Ever since he broke out as Rushmore’s Max Fischer, I’ve had great love for the guy. It helped, of course, that even if I didn’t have prep school suits and regrettable braces, I did have some hideous glasses and super-awkward social skills (or lack thereof) when the movie dropped. I got it instantly. Schwartzman eventually re-emerged as a fine, greasy comedian, all long hair and stubble—a look, inexplicably, I’d morphed into. If he’s no longer my wishful-thinking doppelganger (which makes me sad), he’s only become sharper as a comic specializing in a weird mix of awkwardness and inexplicable complacency. The prototypical Schwartzman character operates at a perpendicular angle to how everyone else perceives him, only able to communicate competently with people on the same weird wavelength. Think of I Heart Huckabees’ Albert Markovski, lecturing people about poetry and environmentalism with a deluded fervor going absolutely nowhere, or his unique Louis XVI in Marie Antoinette, the man-boy negotiating the gap between his post of power and childish instincts. The moment when he scores a billiards shot and does a micro-jump that’s all in a bend of the knees is priceless, expressing enthusiasm while trying to stay within the limits of social decorum and just coming off inexplicably eccentric.
You can see Schwartzman growing into his role as the series goes on (I was able to preview the first six episodes). In the pilot, he’s just doing his Schwartzman thing, which is hilarious but kind of generic. What he emerges as, eventually, is an oddly calm rich guy, someone who’s kind of a twit in a way that makes him perfectly at home in the trappings of the good life that can come when you know some really rich editorial types. He’s a Brooklyn ersatz-boho, equally at home pounding down coffee at his neighborhood coffee shop and swilling overpriced martinis in hotel lobbies. By his blazer you shall know him: The independent man of semi-wealth just insulated enough to be able to act like a 19-year-old with a 30-year-old’s bank account. He’s kind of an idiot (in ways I suspect Ames didn’t write in), but Schwartzman makes him a sympathetic one.
Then there’s Ted Danson. His character name—George Christopher, the twinned first names signifying ingrained privilege—gives the game away. Even on a basically stupid show like Becker, I’ve always thought Danson was pretty funny; he’s rude and huge. (As one of my roommates noted, looking like a weird, huge guy will do strange things to your personality.) This is the part he’s been waiting for his whole life, and he runs with it. Fabulously wealthy and completely oblivious to the realities of life outside his bubble (“What’s a Subaru?” he asks at one point), he’s also voraciously self-destructive in the drugs/alcohol department and childishly delighted by anything yanking him outside his bubble. It’s a combination of sexual voraciousness, monied arrogance and id-driven binging; Danson nails it. As Schwartzman’s cartoonist buddy, Zach Galifianakis scores, playing it straight and avoiding his usual comedy-of-awkwardness bullshit. He’s still my least favorite of the trio (his usual comedy-of-awkwardness drives me up the wall), but he’s no detraction to this show.
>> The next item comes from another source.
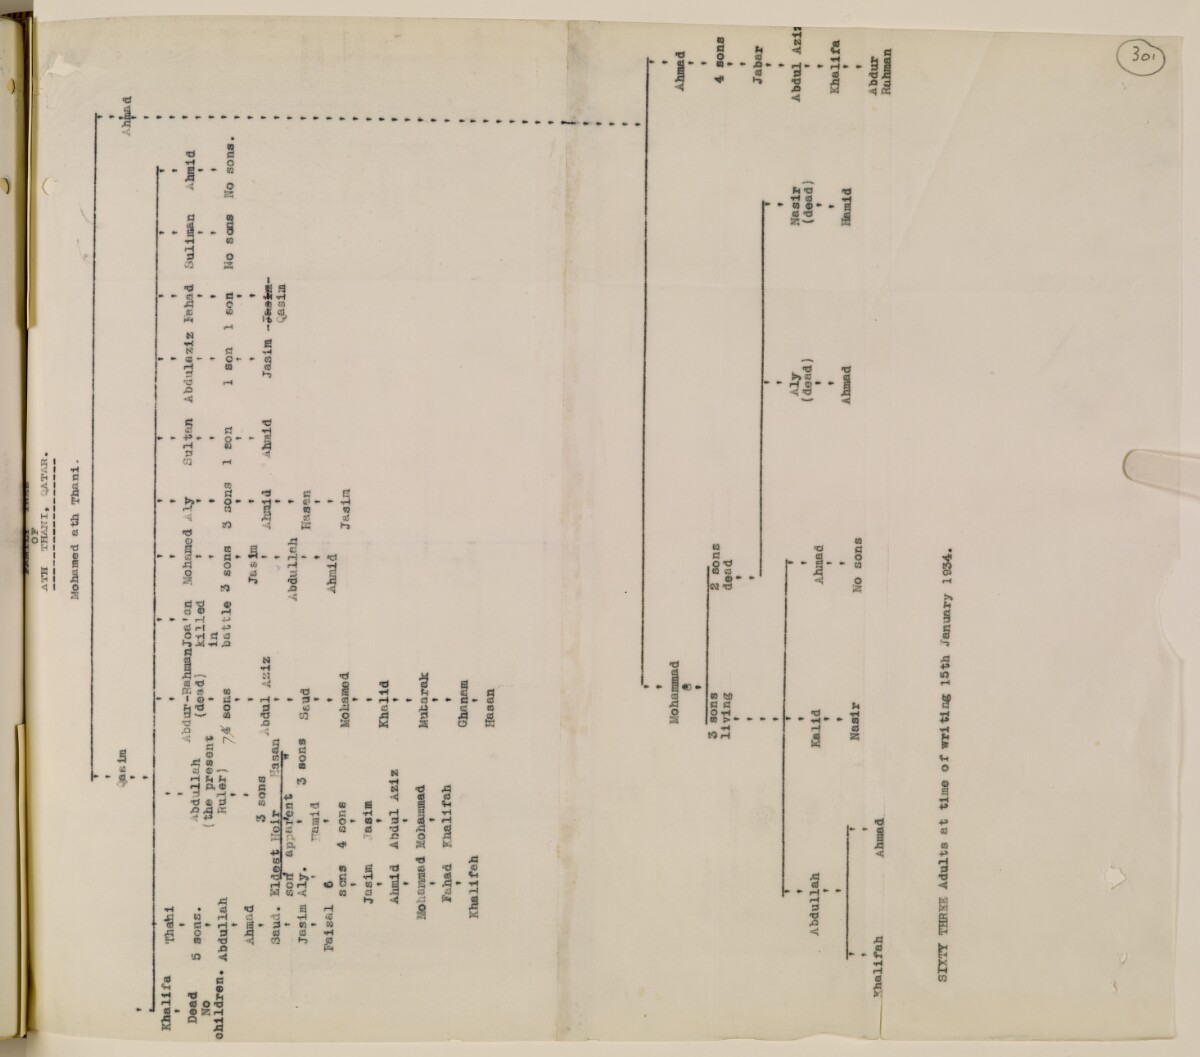 Coll 6/63 'SOUTH EASTERN ARABIA AND QATAR BOUNDARIES.' [301r] (608/756)

Outside of the merits of the cast, Bored to Death does have some other virtues. It’s a good New York show—sometimes they show you precisely which subway routes people are taking on the map—and it’s willing to go all over the place. The best episode out of the first six finds Schwartzman getting stupidly mixed up with the Russian mafia in Brighton Beach; anyone who’s spent a day down there will instantly recognize the seedy types and overpriced restaurants of the area. The show’s approach to money is casual and unapologetic, which I appreciate. It’s a time capsule of whenever it was conceived, when publishing still seemed like a way to make money; there’s one episode where declining ad revenue is kind of a plot point, but that’s the only indication of reality puncturing the bubble. Comparisons to Woody Allen have been overly broad—neurotic Jews in privileged NYC does not automatically invite comparisons to Manhattan—but the same free-floating sense that nothing could ever go truly wrong persists. The show deserves to go on, hopefully (please?) with less involvement from Ames and much more care taken to give the central trio more ballast and context.